13 January 2025, categories: Articles, Net Zero

On Wednesday 8th January, the UK experienced a not unusual weather event in the evening which included low wind speeds and cold temperatures. I.e. the wind wasn’t blowing and the sun wasn’t shining.

Unfortunately,  our national energy infrastructure was poorly positioned to manage these conditions. As a result the National  Electricity Systems Operator (NESO) had to issue its first Electricity Margin Notice (EMN) of the winter. Kathryn Porter covered this in her article Blackouts near miss in tightest day in GB electricity market since 2011 where she stated:

Yesterday saw a blackout near miss in what turned out to be the tightest day the GB electricity market has seen since 2011. Wind power was 2.5 GW through the evening peak, solar was (obviously) zero and there were significant interconnector outages leaving expected capacity at just 5.7 GW. Had just one large power station tripped this evening, demand control would have been a real prospect.

She explained that:

An Electricity Market Notice (“EMN”) is issued when the spare capacity does not cover the contingency NESO has decided is necessary.

David Turver, another analyst, analysed what happened to the system margin (headroom of gas supply available) during this time in his article Fake It Until You Break It. The following diagram shows what happened during this event:

The red line “Loss of Load Probability” went up to 29% at one point, and as a result operators scrambled to keep the lights on at any price. Rye House Power Station offered and was accepted, a price of £4,000/MWhbut as the requirement went up the price increased to £5,500/MWh. Prior to NetZero policies, the wholesale price of gas was no more than £50/MWh and this is approximately what we would be paying today in a deregulated energy market.
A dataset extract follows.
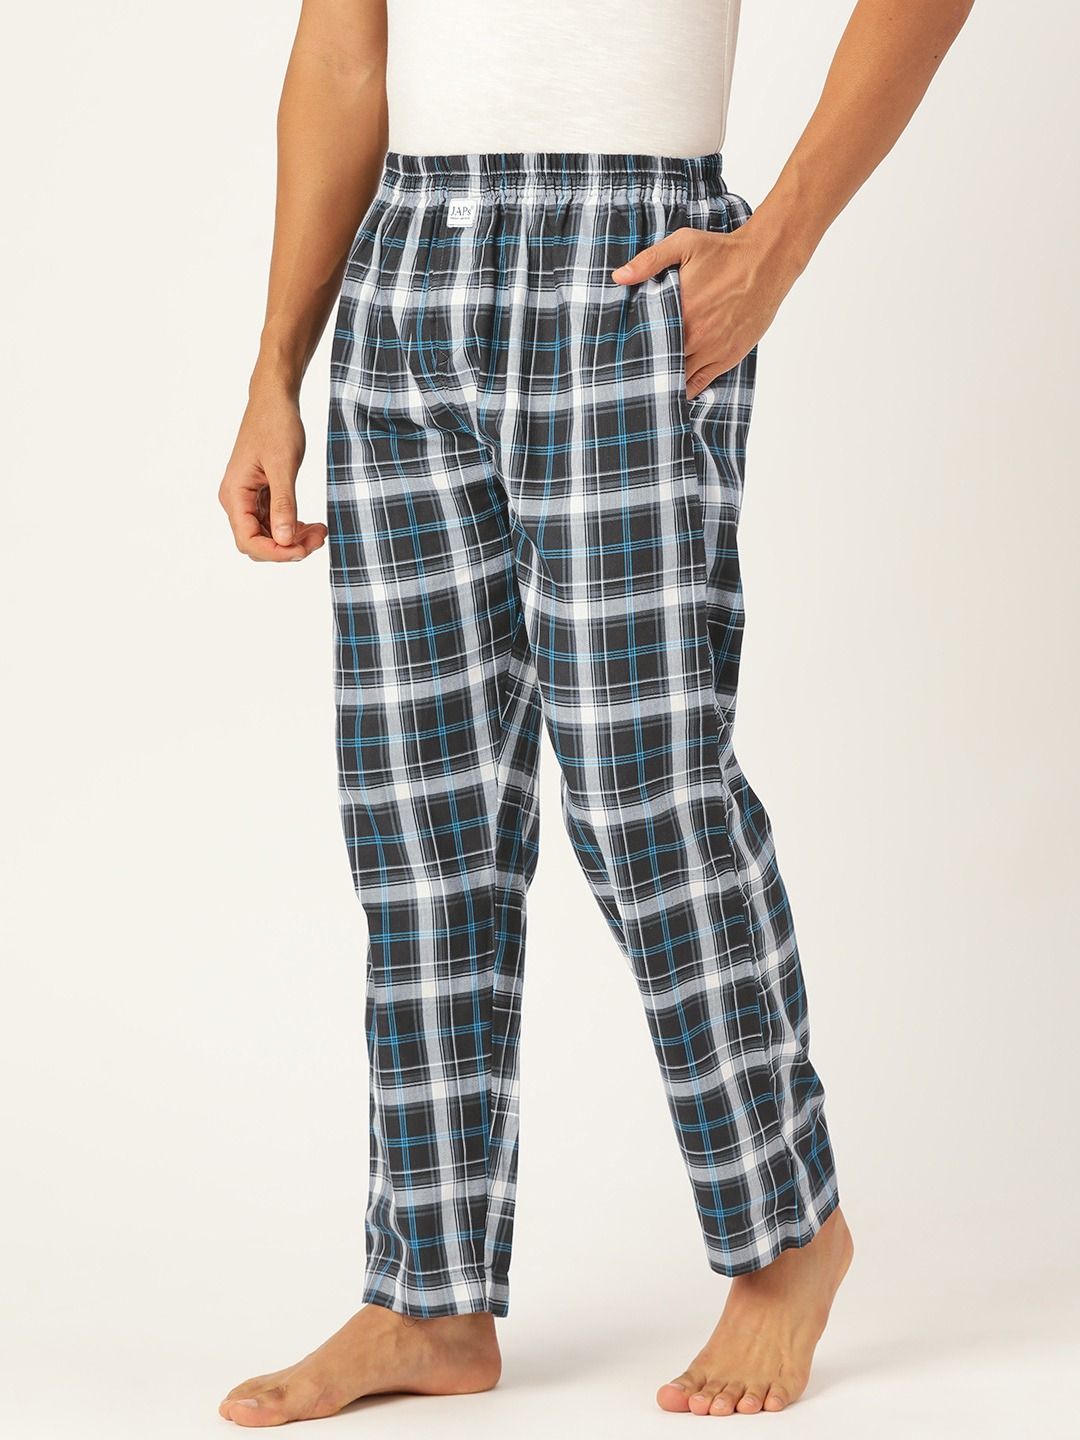 American Active Mens 3 Pack Cotton Flannel Lounge Pajama Sleep Pants 3XL  4850 3 Pack  Classics Flannel Winter Red Assorted Plaids at Amazon Mens  Clothing store

We hope that Mr Miliband will take this as a wake-up call, as to ignore this would be incredibly irresponsible given his position as head of the NESO.

We know the impact of high prices on the poorest, particularly pensioners, many of whom will die this winter as a result of this and the impact of withdrawing the winter fuel heating allowance in a very sudden, clumsy way.

This isn’t just an isolated winter event. NetZero policy fundamentally depends on foreign imports to cover these shortfalls. Extra supplies from abroad mainly come from gas and nuclear and gas at home. However, as the proportion of renewable energy is increased it becomes less efficient to operate our own gas fired power stations. This is because they will be reduced to supporting peak load requirements only. The best way to understand this is to imagine having to drive your car around at 5 mph and occasionally have to do short bursts of 70mph. This is a basic engineering reality.

Of course, if mainland Europe were to enact the same policies, then there would be limited spare capacity. If everyone suffers shortfalls there would be increasing demand on that limited supply with resultant price gouging as described earlier. There simply is no magic bullet.

Add to this the fact that we apparently only have a week’s worth of stored gas available, and we have to accept that our energy infrastructure is on its knees.